While I join others in supporting and celebrating Jada’s bravery I worry that being proud of her stoicism is an improper response to the trauma she has experienced.  Jada is 16 years old and not only has she been raped, but publicly exposed, outed, mocked, teased and threatened.  Rape victims are usually afforded privacy and time in which to process the trauma.  Jada, however, has been put in a public spotlight and interrogated about an event with consequences that far exceed the immediate backlash and immaturity of peers. Perhaps instead of being proud of her for being strong we should let her be visibly devastated, distraught, shocked, and inconsolable.  Maybe instead of being impressed that blackgirls can withstand so much suffering and become role models for strength, we should be concerned about their emotional wellness, their vulnerability, their humanity.

I am not always strong.  When I hurt, I cry.  I sob deeply and from my belly releasing heartbreaking wails and screams until I feel more empty than sad.  There is nothing wrong with feeling pain and expressing it but society doesn’t let black victims mourn, society doesn’t want black people to feel.  We are made to believe that our feelings are dangerous so we suppress them.  We are told, repeatedly, even amongst ourselves that we are nonfragile so we think we must live up to those expectations.

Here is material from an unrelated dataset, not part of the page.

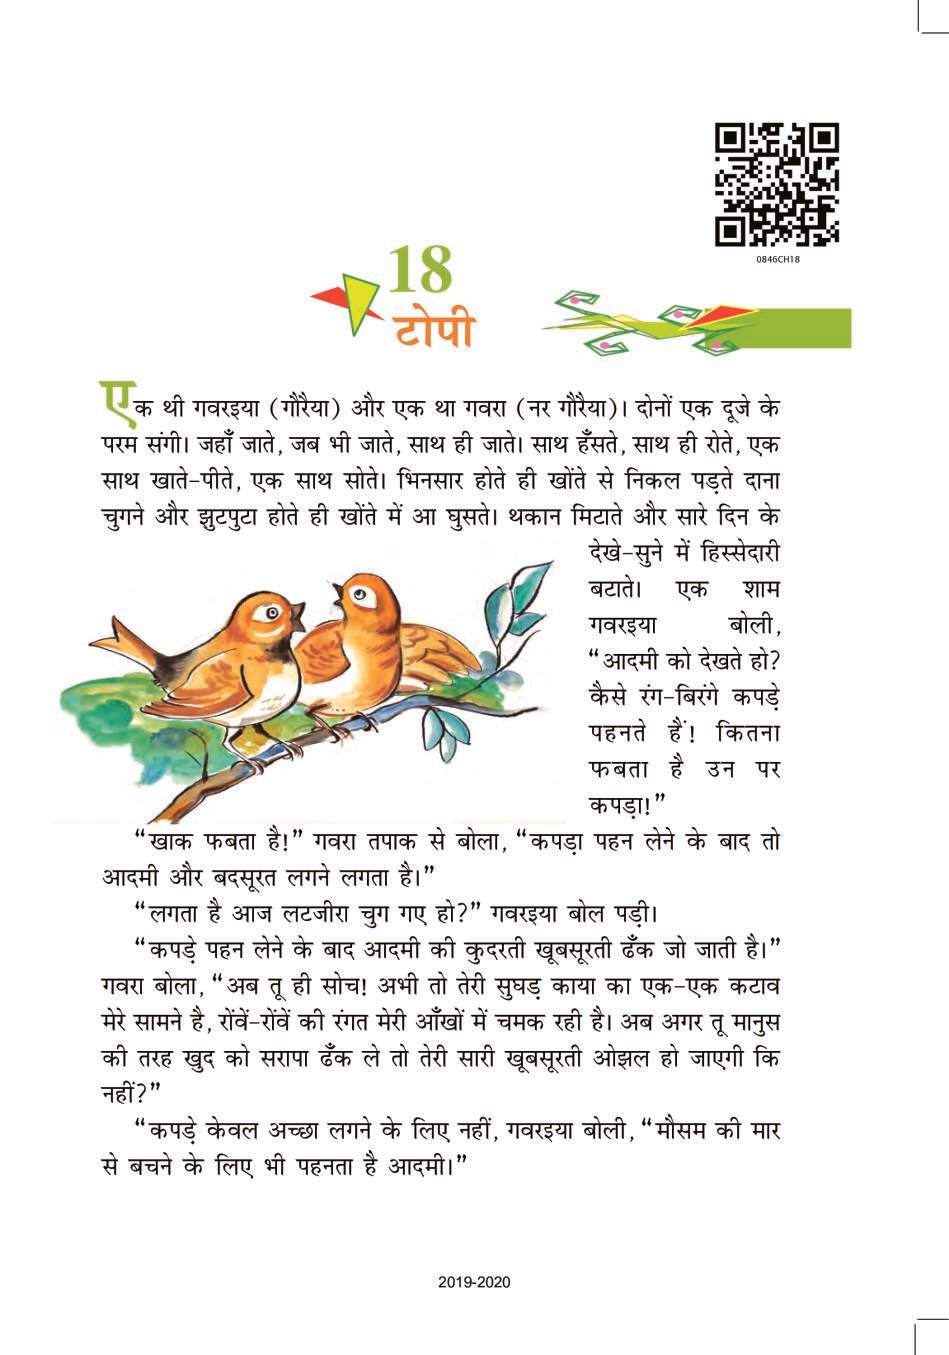 NCERT Book Class 8 Hindi (वसंत) Chapter 18 टोपी - Page 1

Truth is, black folk feel implicated by other black folk and strength is something we feel we can be proud of.  A lot of the backlash against Amber Cole by the black community was shrouded in respectability politics and fear that her sexuality and participation in a public sex act might blemish an already sullied and stereotypic image of blackgirlness.  With Jada (and her mother), her strength and refusal to be shamed and silenced as a rape victim is seen as heroic and commendable (and don’t get me wrong, it is, but I believe that part of the reason we “need” her to be strong is because it reflects the overall strength of black women).

Remember Sybrina Fulton's "strength?"  Even on the stand it was her stoicism, not her tears, that seemed to demonstrate her strength.
Remember Sybrina Fulton’s “strength?” Even on the stand it was her stoicism, not her tears, that seemed to demonstrate her strength.

The problem with blackgirl strength is that it never lets up.  Blackgirls don’t have the luxury of a time out or a break to breathe.  The problem with blackgirl strength is that our very lives are at stake and if we don’t learn to mask our pain we won’t know how to survive.  The problem with blackgirl strength is that practice makes perfect and after while we have that strength, no pain, never let ’em see you sweat ish down pat.  The problem with blackgirl strength is that it doesn’t offer protection.  The problem with blackgirl strength is that nobody ever tells us we don’t have to be strong and we don’t know how not to be. That is a problem.

Blackgirls become strongblackwomen, whether they want to or not.  That is a problem.

Anger is permissible as long as it is tempered with strength, but black women cannot afford to be blue. That is a problem.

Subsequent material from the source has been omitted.